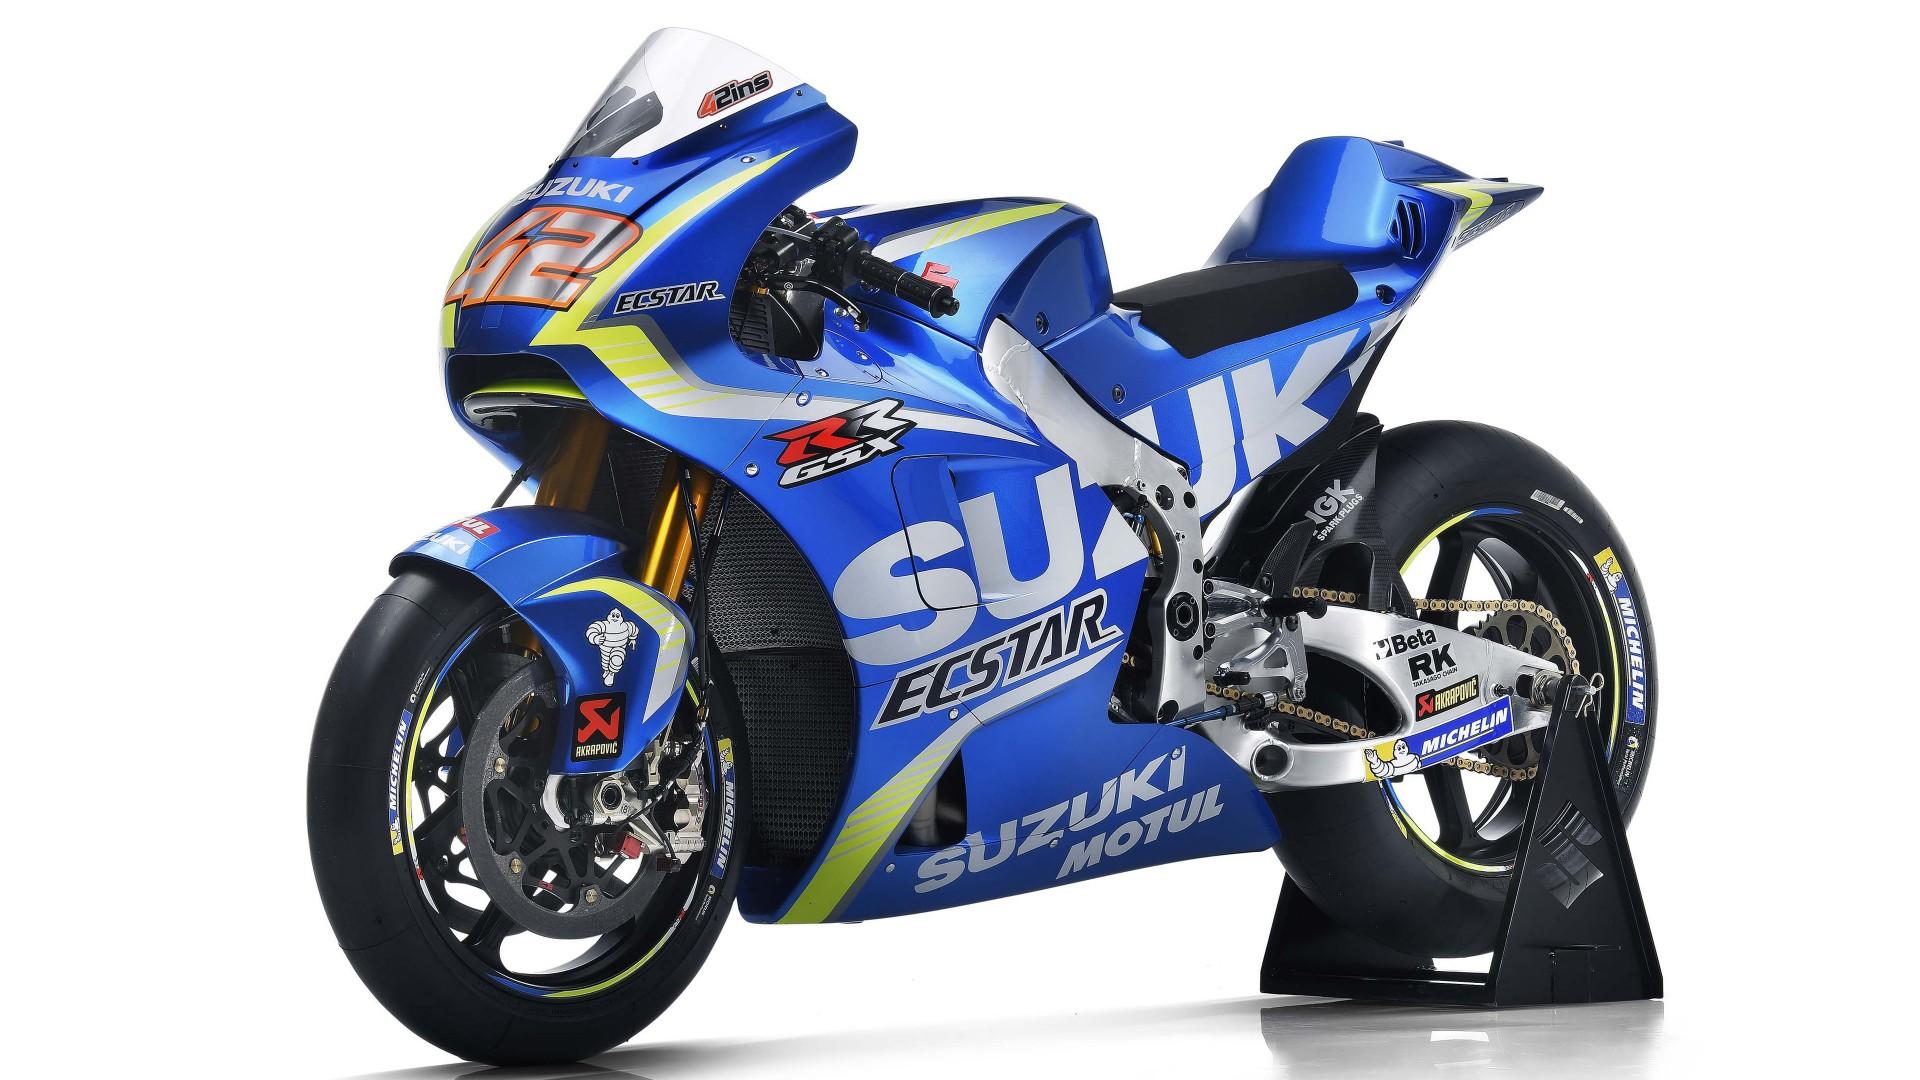 Ktm Duke Hd Wallpapers 2017 Ecstar Suzuki Team Motogp Bike Wallpapers Hd
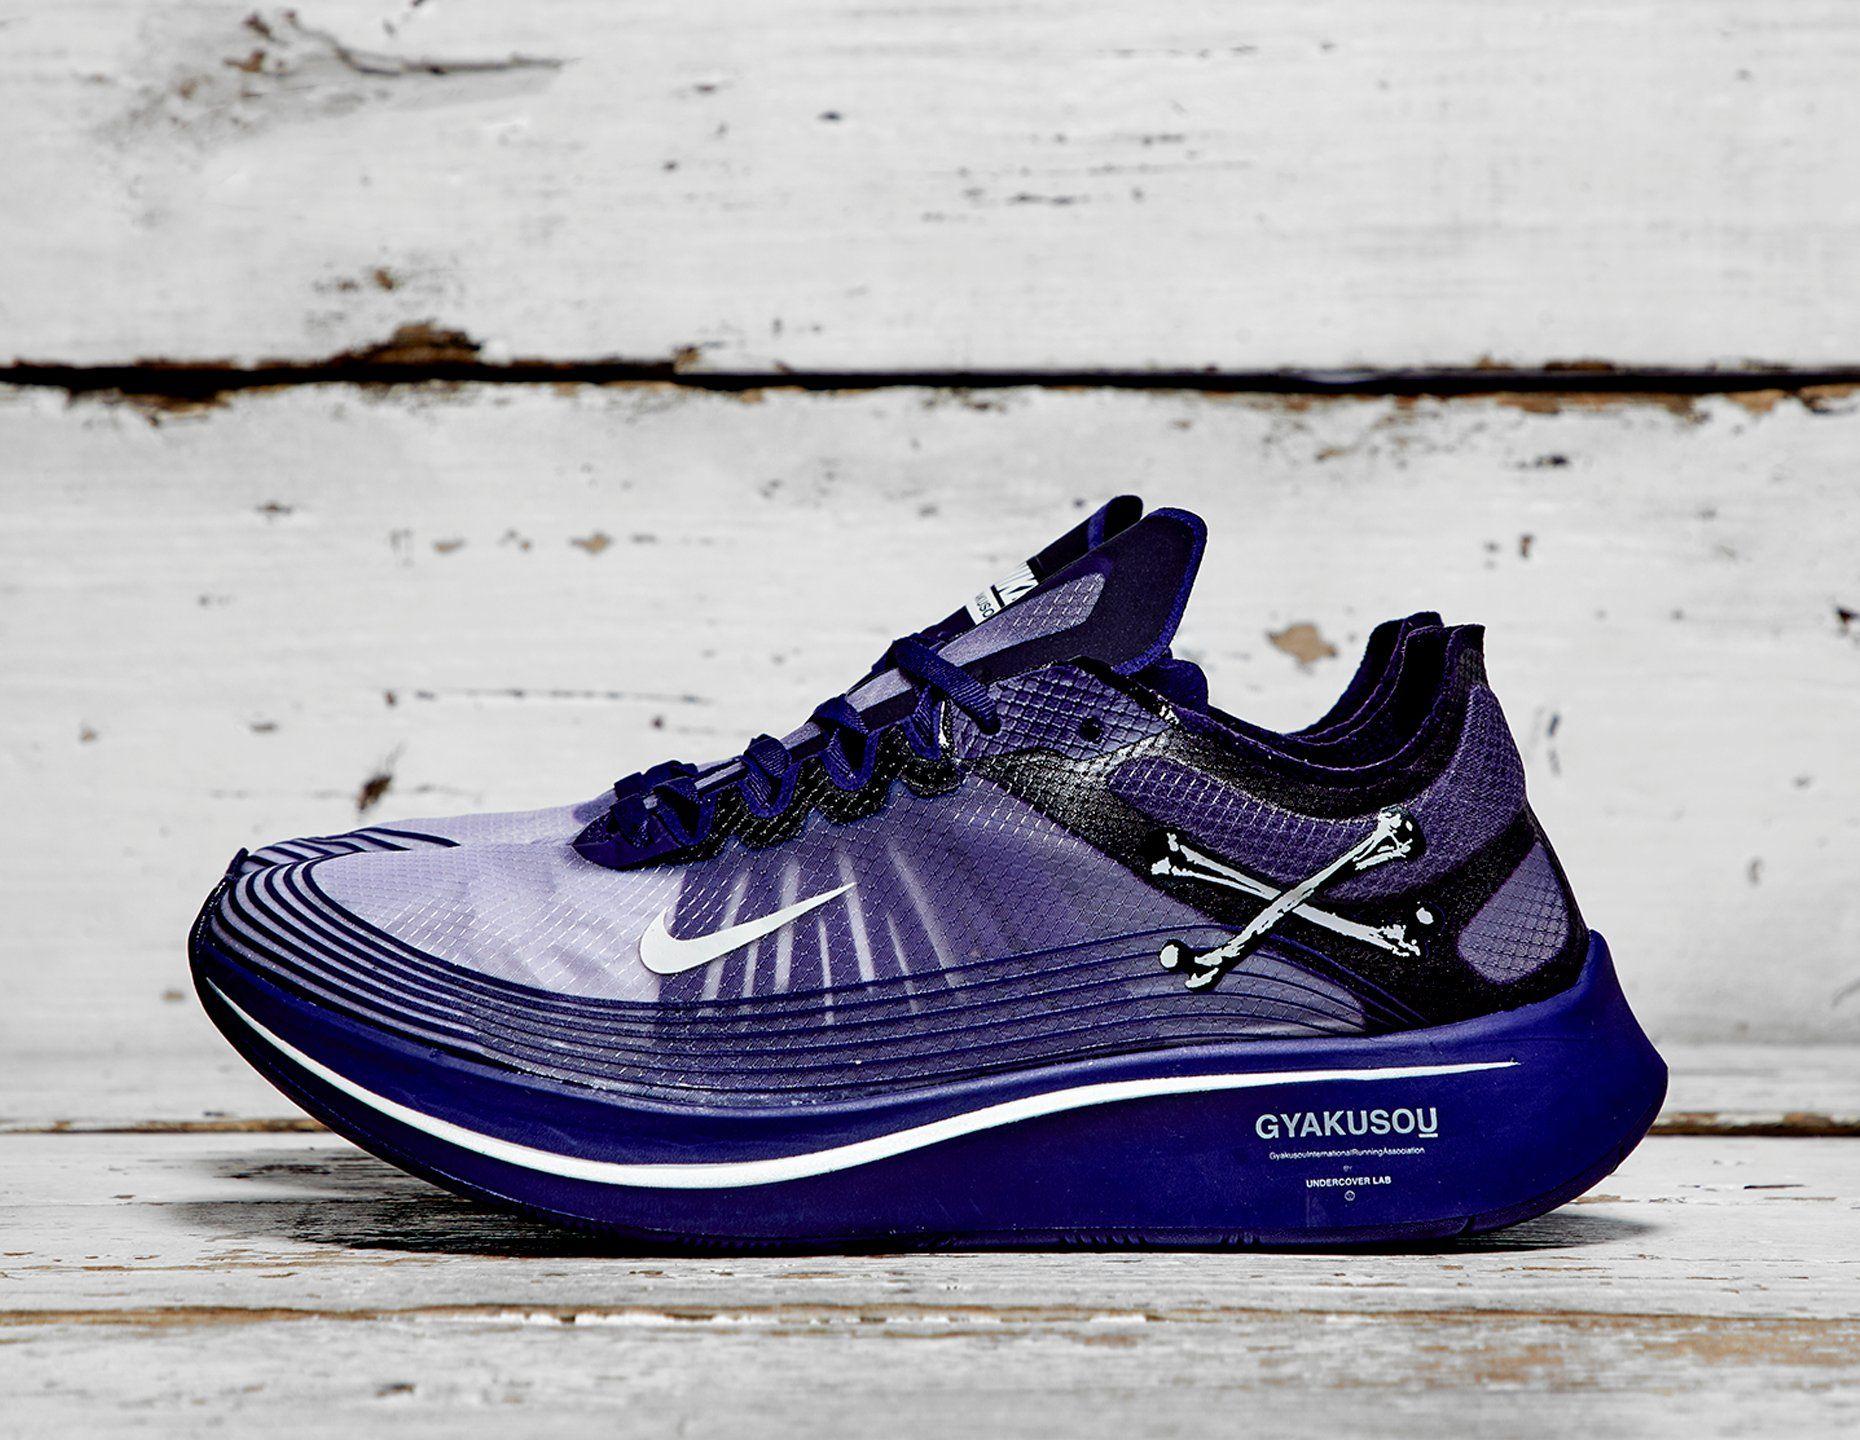 a6d623d56106 NikeLab x Gyakusou Zoom Fly SP
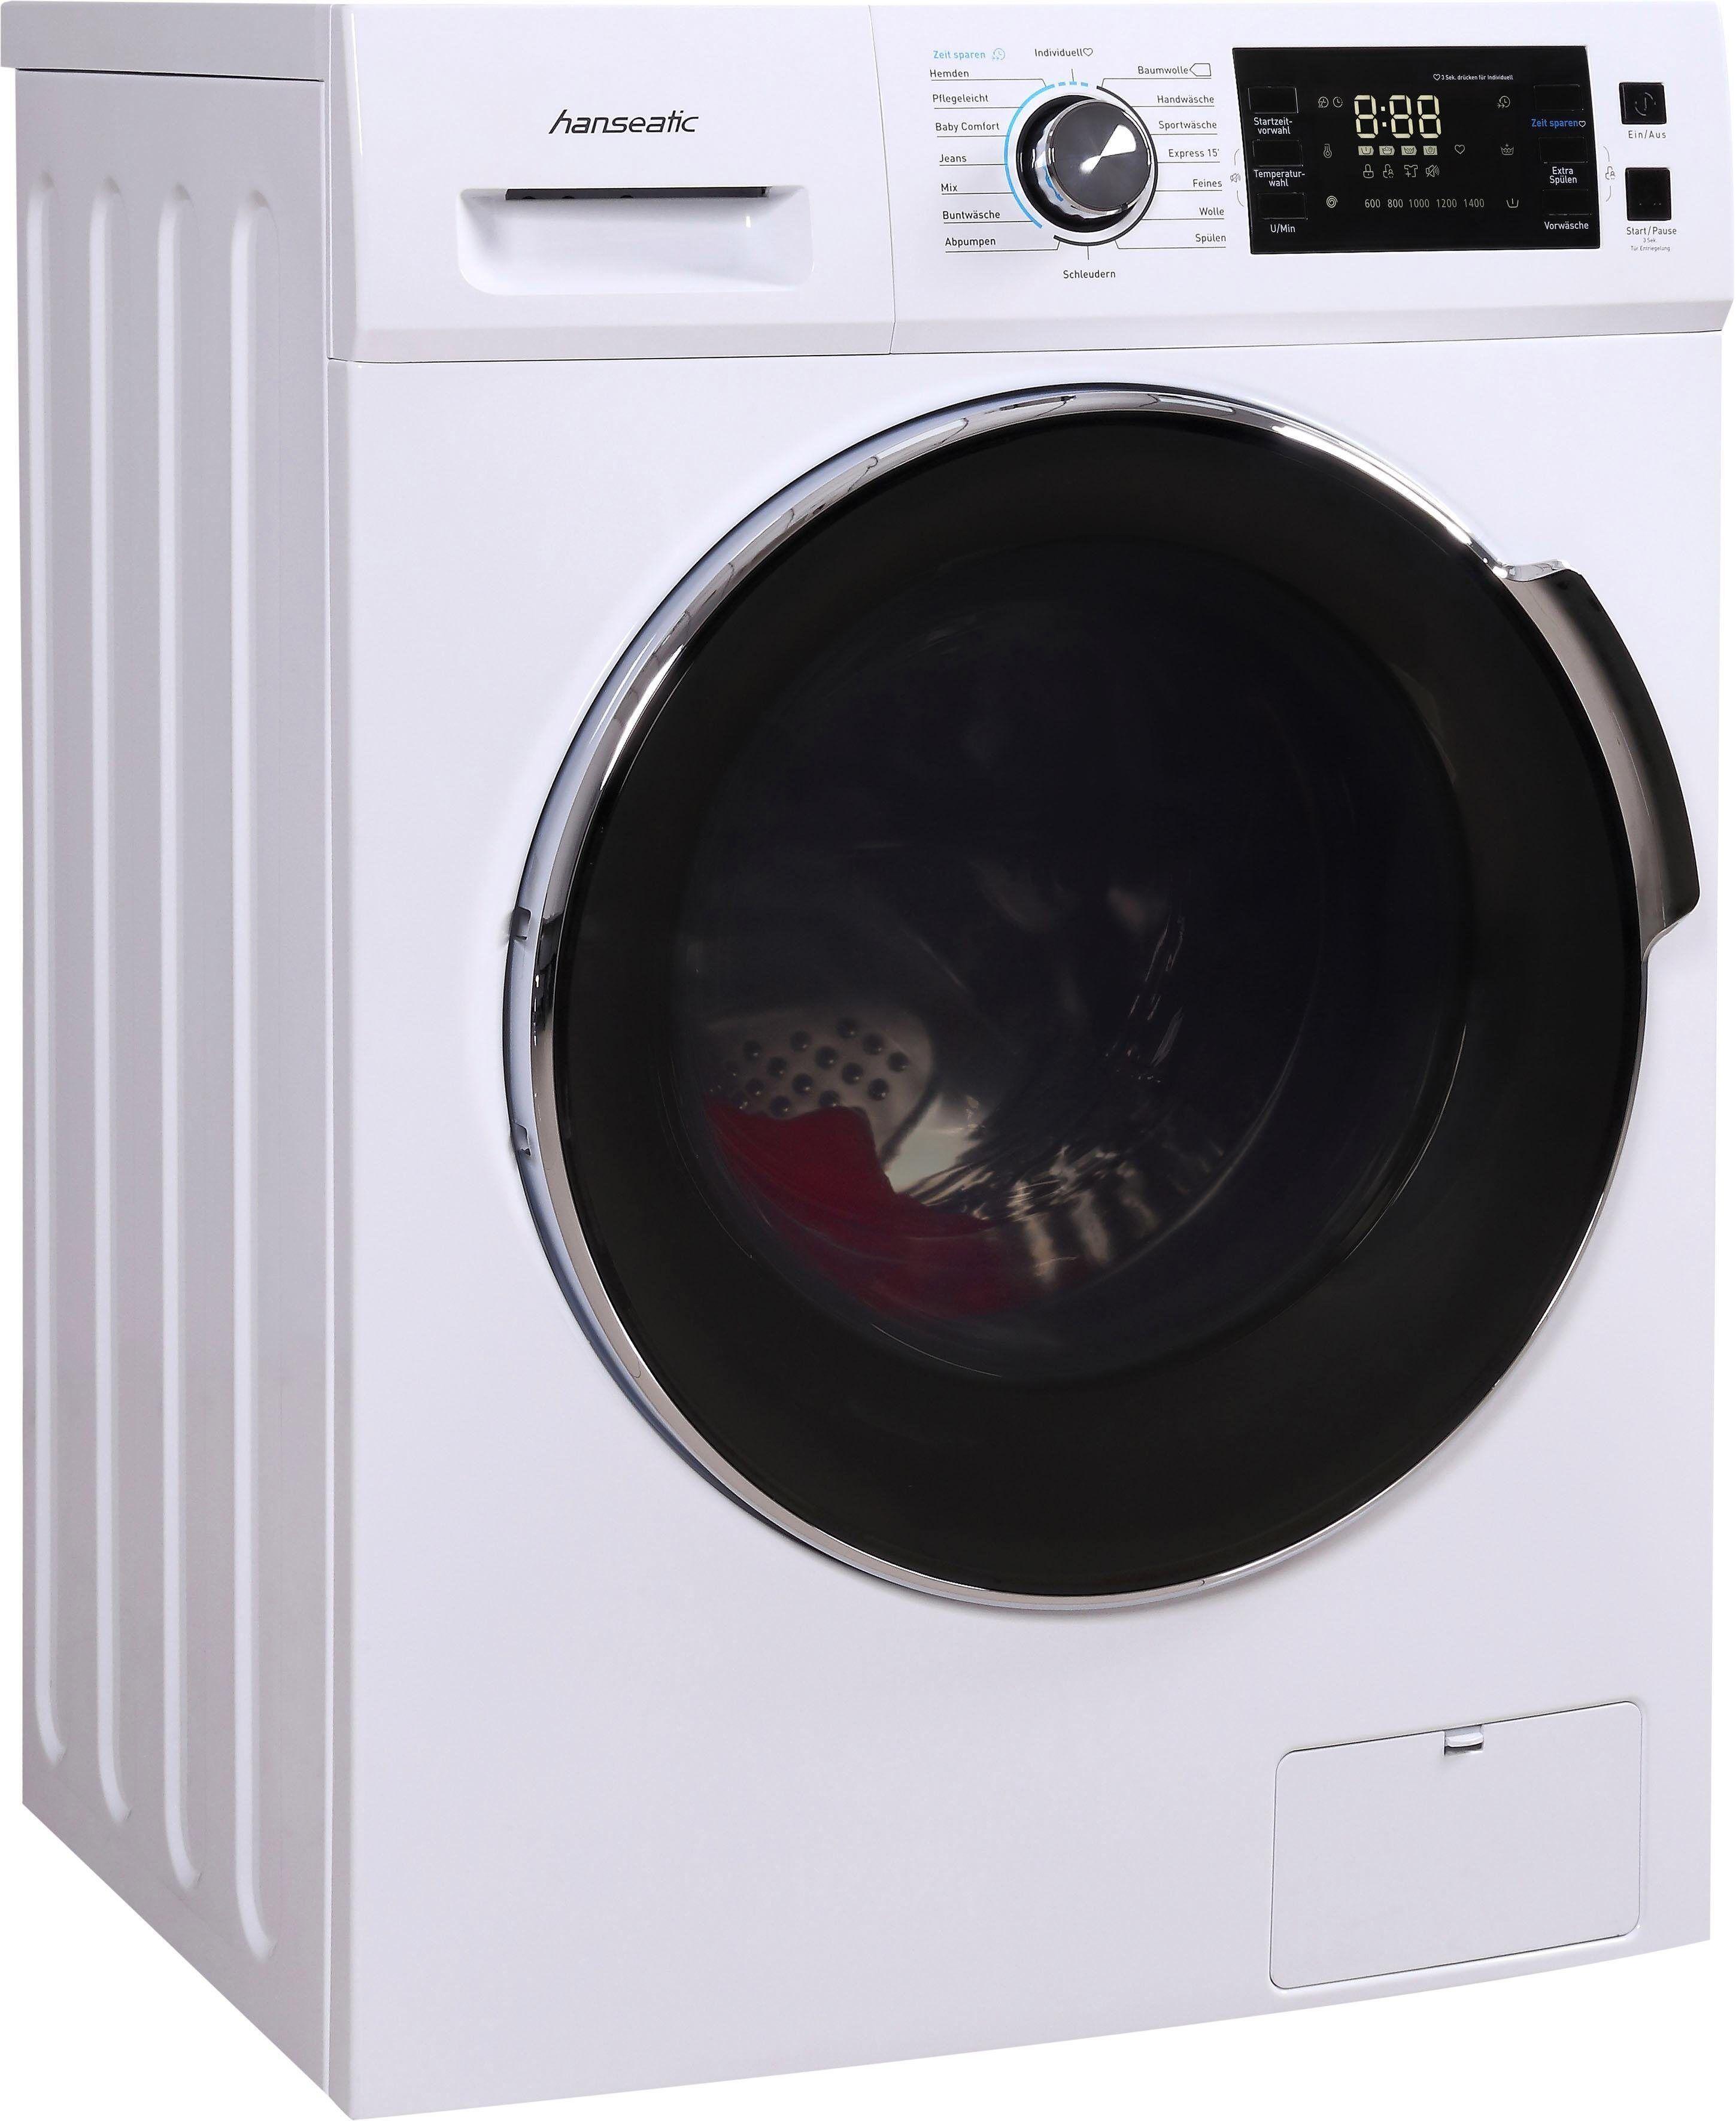 Hanseatic Waschmaschine HWMB814A3, 8 kg, 1400 U/Min, Energieeffizienzklasse A+++

● Exercise directions:
Pictures are to be excluded; all other material must be transcribed exactly.

● Problem solution:
 Ktm Duke Hd Wallpapers 2017 Ecstar Suzuki Team Motogp Bike Wallpapers Hd
 a6d623d56106 NikeLab x Gyakusou Zoom Fly SP
 Hanseatic Waschmaschine HWMB814A3, 8 kg, 1400 U/Min, Energieeffizienzklasse A+++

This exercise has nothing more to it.